If its the latter then I can see an awesome army in the making - and I will definatly watch this one!


----------



## subtlejoe (Sep 23, 2008)

OMG! are you mental. lol. it'll take you years to make all those flying squigles. however i have bore witness to a full unit of rippers kill a whole terminator unit in a turn, much laughter was had!


----------



## Phenious (Jun 10, 2009)

What you need to do is see if you can gather all those little ripper bits that non of the other Big Nid players are going to use for real cheap. I mean with people just so enthralled with the Tervi and Trygons, why would they need something so small, they obviously wish to go with the big bad hurts.


----------



## HandOfNephthys (Aug 18, 2009)

So, finally got a video onto youtube for the first time in about 4 years...
It shows my first sky slasher base, and some of my other zombie-DG + My flyrant I made quite a while ago.


----------



## The Laughing God (Mar 9, 2010)

Cool idea, I have always thought it would be fun to max out on ripper swarms.

Keep it up!


----------



## HandOfNephthys (Aug 18, 2009)

Thanks The Laughing God, and welcome to heresy!

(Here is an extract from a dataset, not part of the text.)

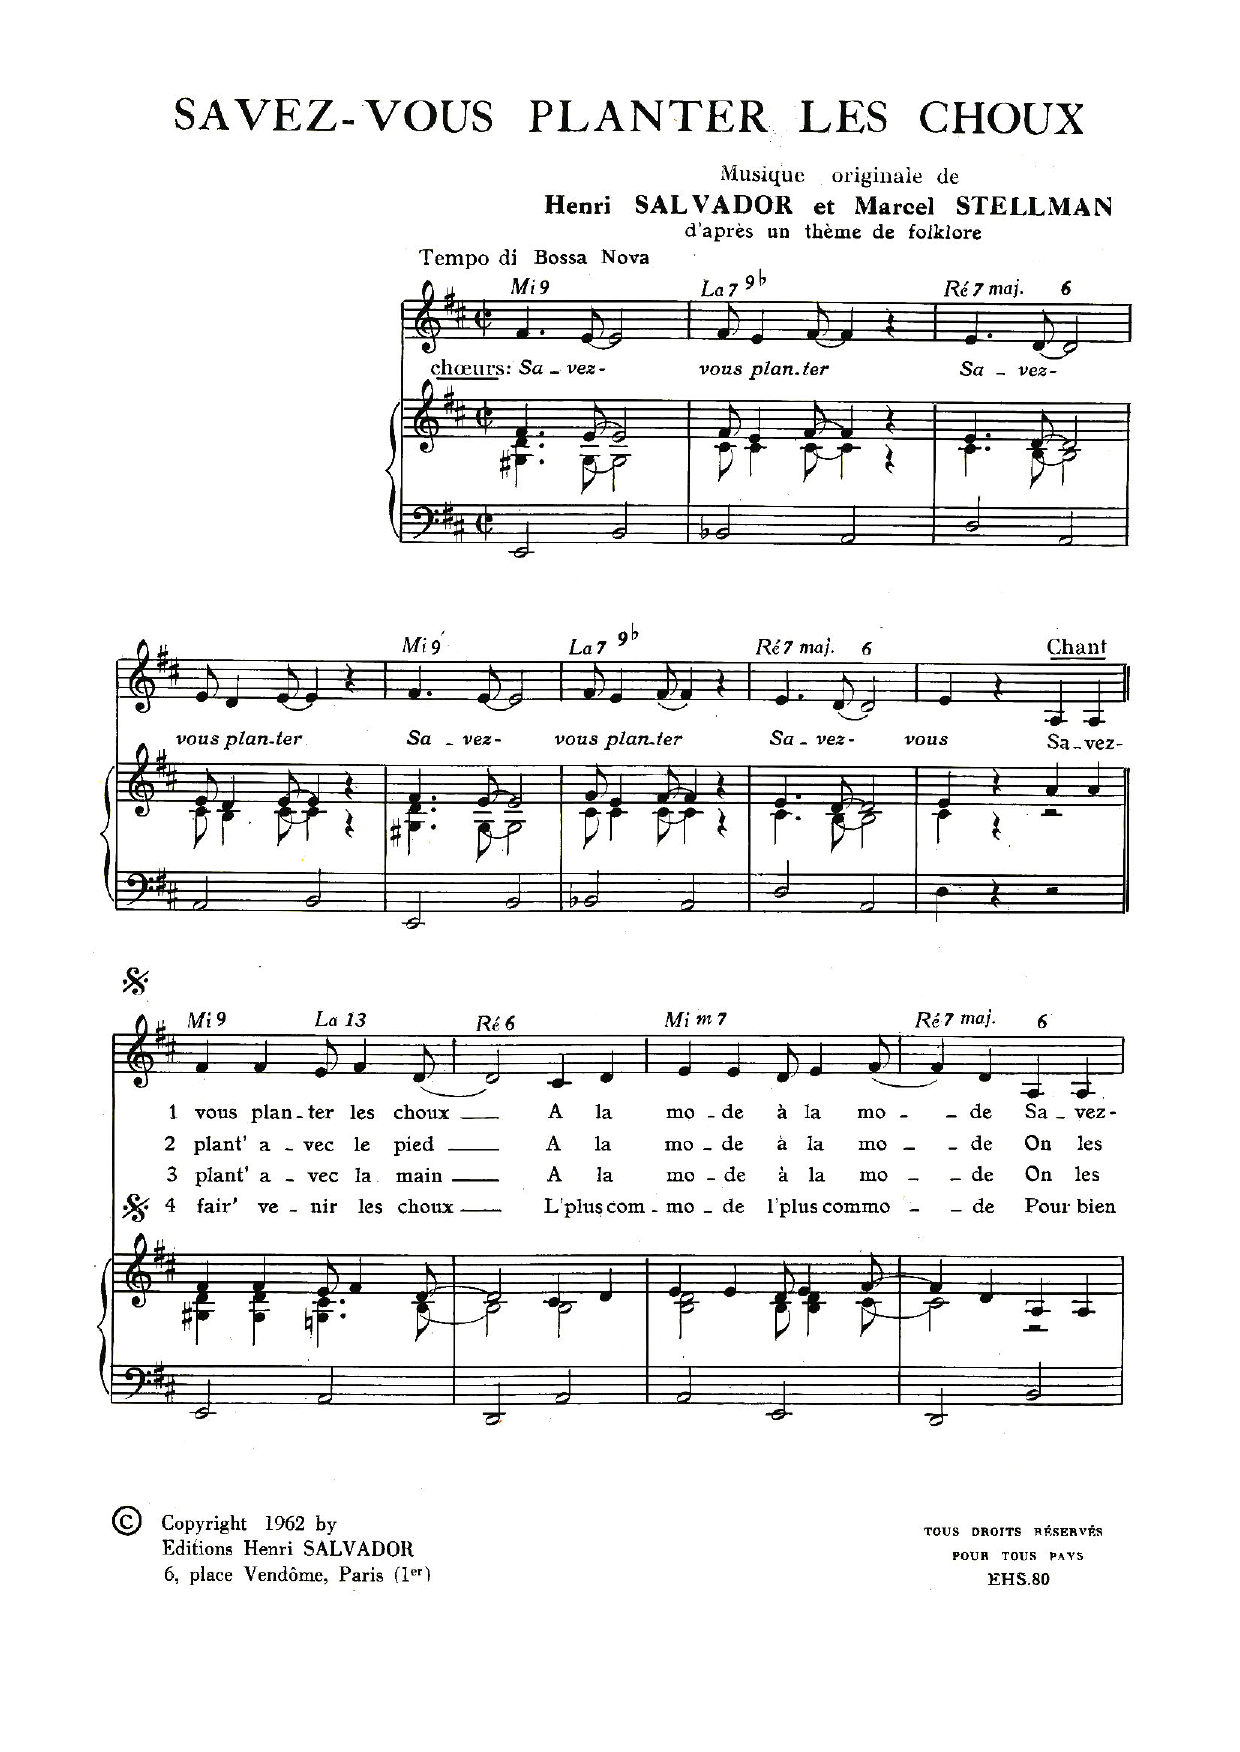 Henri Salvador Savez-Vous Planter Les Choux? Sheet Music Notes & Chords for Piano & Vocal - Download or Print PDF

Quick update guys, I got a second Sky slasher swarm 90% built, and it involves a crushed space marine that is still alive, and a slasher with feeder tendrils...


----------



## Brother Azeek (Mar 29, 2009)

Pics or it didnt happen!

In all seriousness, I have this bookmarked and I cant wait to see frther updates!


----------



## HandOfNephthys (Aug 18, 2009)

Wuw, tis thing is cool!
lulawfbbqlolololololol
Pwnzers!
First!
Okay... now that I got my newbie threadromancy problems out of the way, I might as well give you guys a small update:





that is all.


----------